6. The laser confocal scanning microscope according to claim 1
wherein the means to modify the coherency in the sample scanning
beams comprises a small angle diffuser that is inserted into the
emitted laser light beam in order to reduce coherency effects of
the laser light at the output of said array of microlenses.
7. The laser confocal scanning microscope according to claim 6
wherein said small angle diffuser is rotatably mounted such that it
does not introduce stationary illumination shading patterns into
the image (sample) plane.
8. The laser confocal scanning microscope according to claim 1
wherein the means to modify the illumination intensity distribution
over the sample scanning beams comprises: a beam shaping optic,
such as for example a flat top optical condenser, that is inserted
into the emitted laser light beam path, or a matching Gaussian
neutral density filter that is inserted into the illuminating laser
light path, or a means for changing characteristics of said laser
beam expander that is provided to increase the beam expansion in
order to reduce the gaussian intensity shading at the cost of a
reduced light intensity.
9. The laser confocal scanning microscope according to claim 1
wherein the means to modify the confocality of the scanned image
(sample) comprises an additional plate containing multiple sets of
arrays of apertures smaller than the apertures in said array of
confocal apertures and positioned immediately adjacent and parallel
to the said array of confocal apertures; said additional platers
separated by a small air gap; and a control system that is adapted
to slide said additional aperture plate to select any one of the
sets of aperture arrays, thus controlling the degree of confocality
and throughput of the microscope.
10. The laser confocal scanning microscope according to claim 1
wherein said driving means for the first galvanometer mirror and/or
said intensity modulation means are an electronic control system
comprising hard wired logic, a digital signal processor, a
microprocessor, a computer or similar computational device.

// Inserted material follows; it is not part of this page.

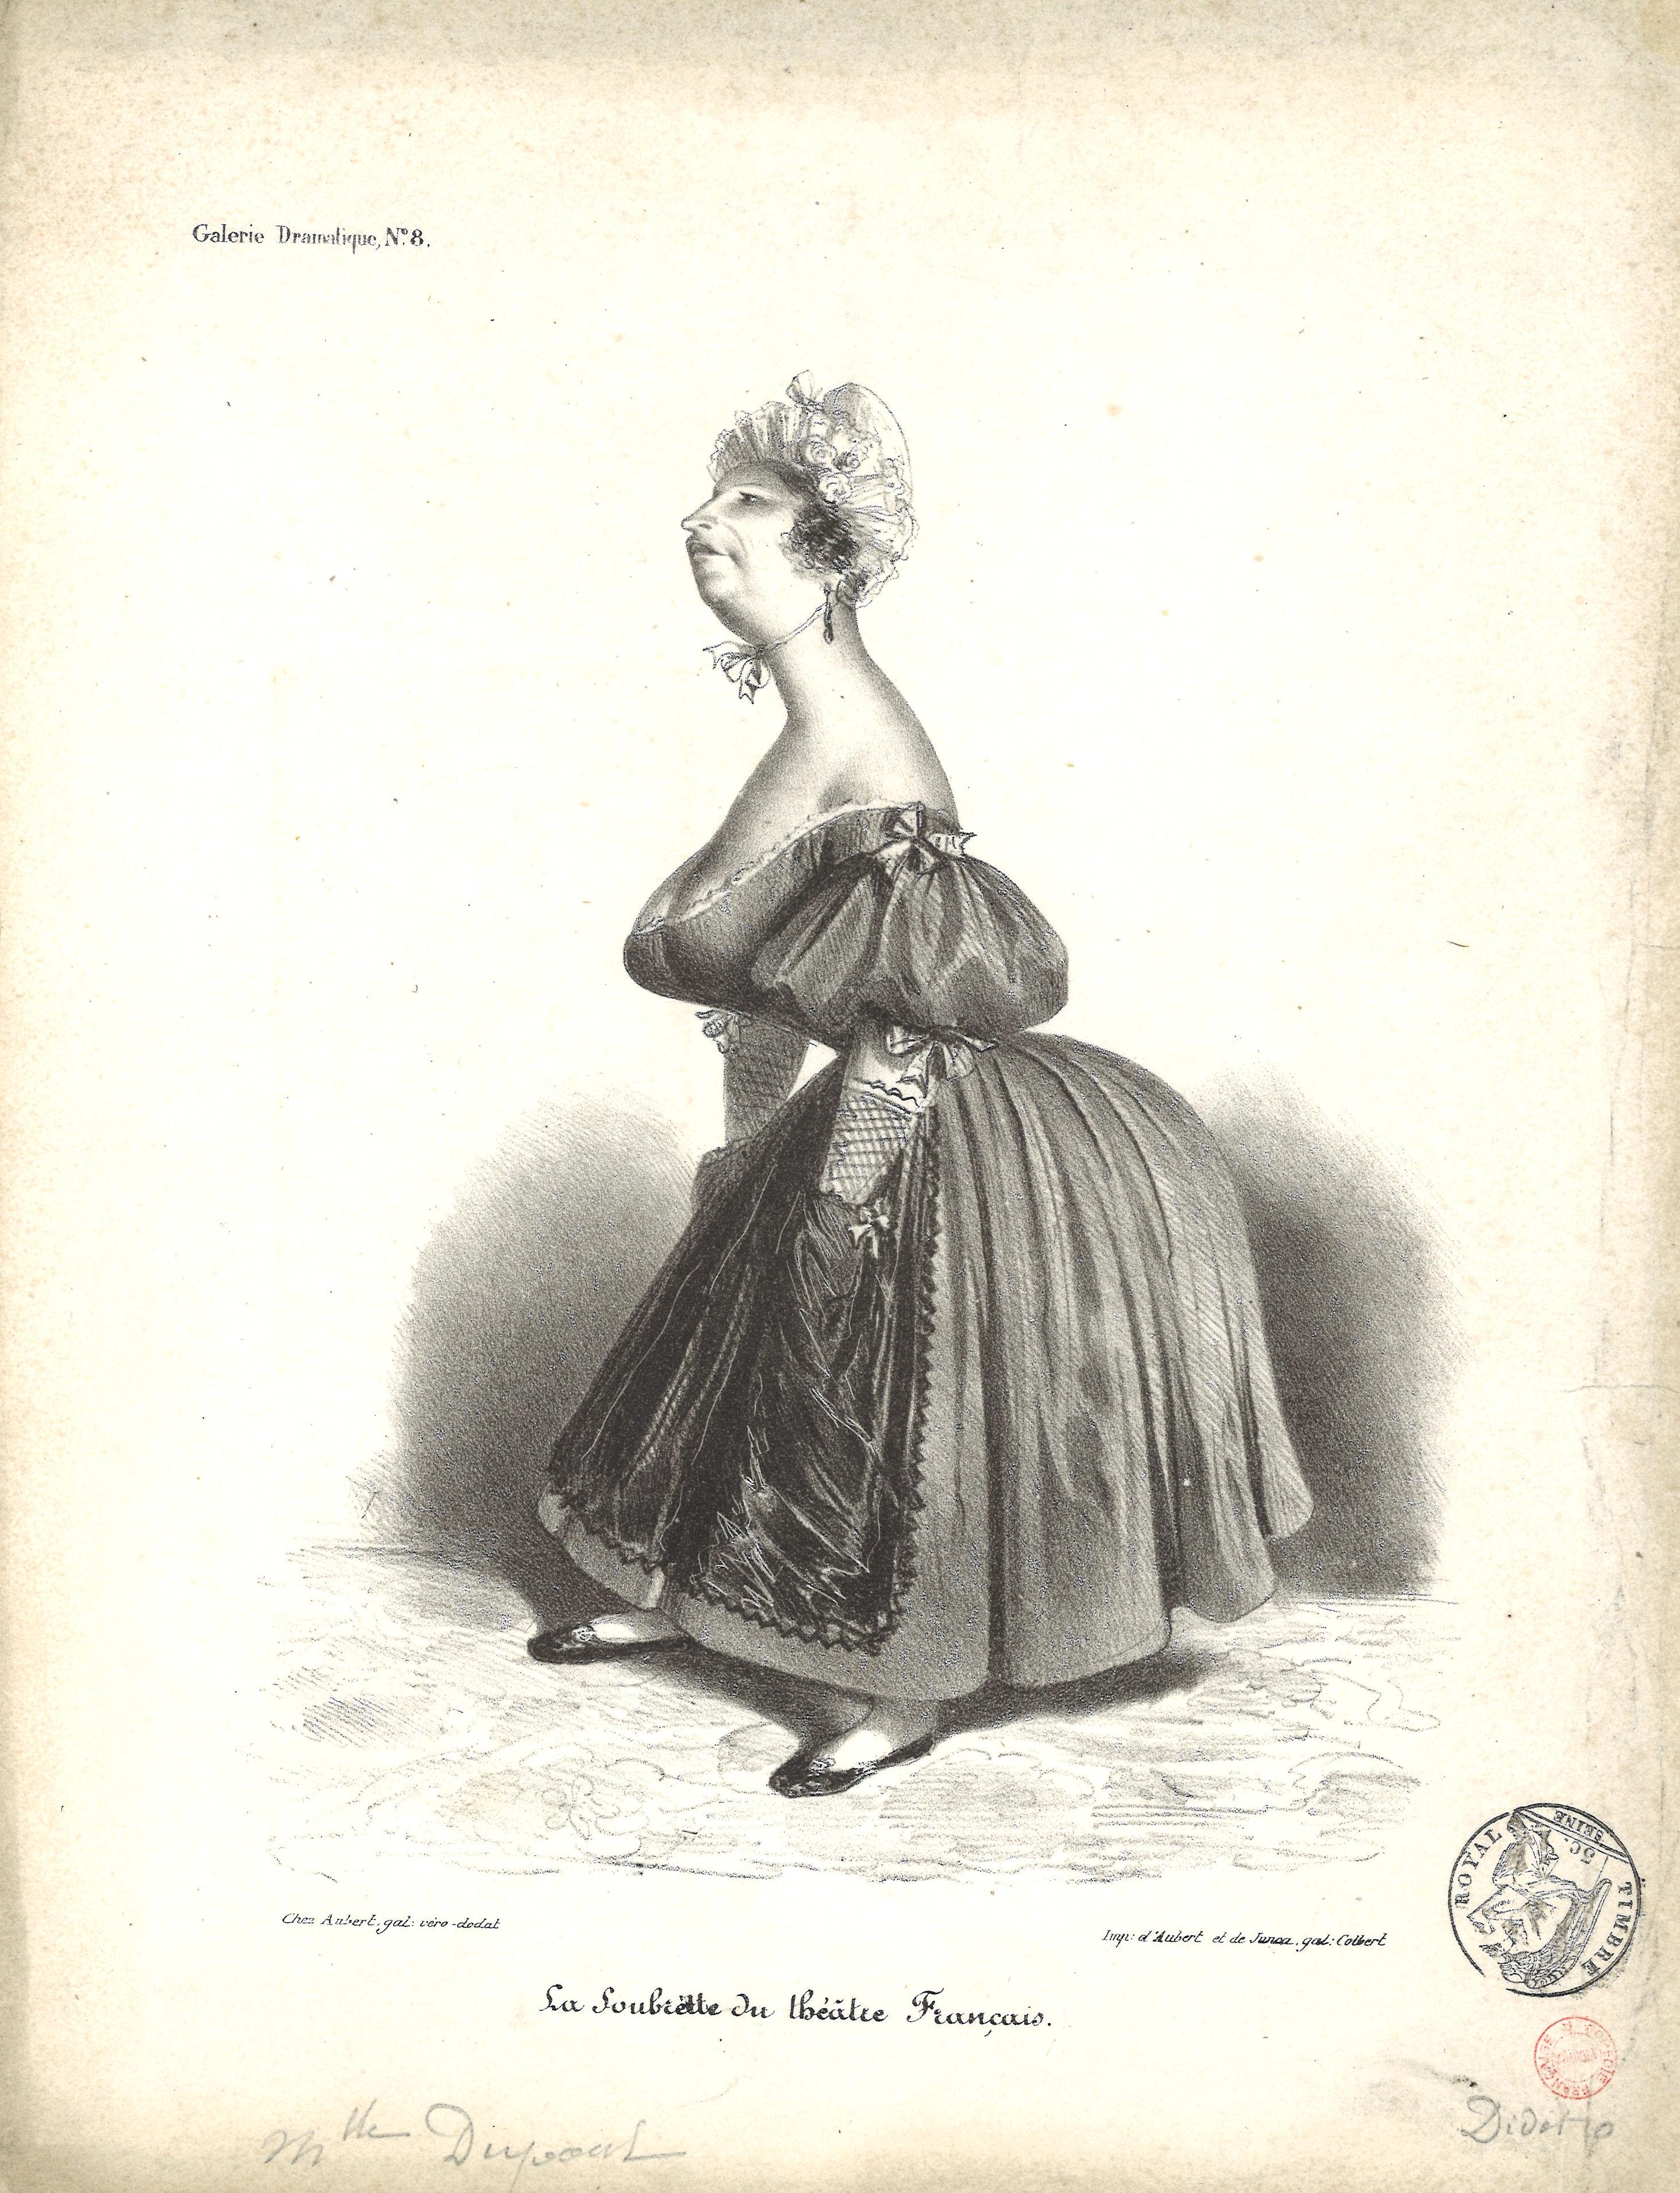 12-mlle-dupont-caricature-la-soubrette-du-thc-e-tre-frana-ais-le-charivari

11. The laser confocal scanning microscope according to claim 1
wherein said laser light source includes a multi-line laser, a
tuneable laser, and/or an array of lasers emitting at various
wavelengths, and an optical configuration that provides collinear
laser beams.
12. The laser confocal scanning microscope according to claim 1
wherein the laser light beams from said laser light source are free
space coupled to the beam path or coupled by means of a rigid or
flexible optical light guide to the beam path.
13. The laser confocal scanning microscope according to claim 12
wherein the optical light guide is an optical fibre.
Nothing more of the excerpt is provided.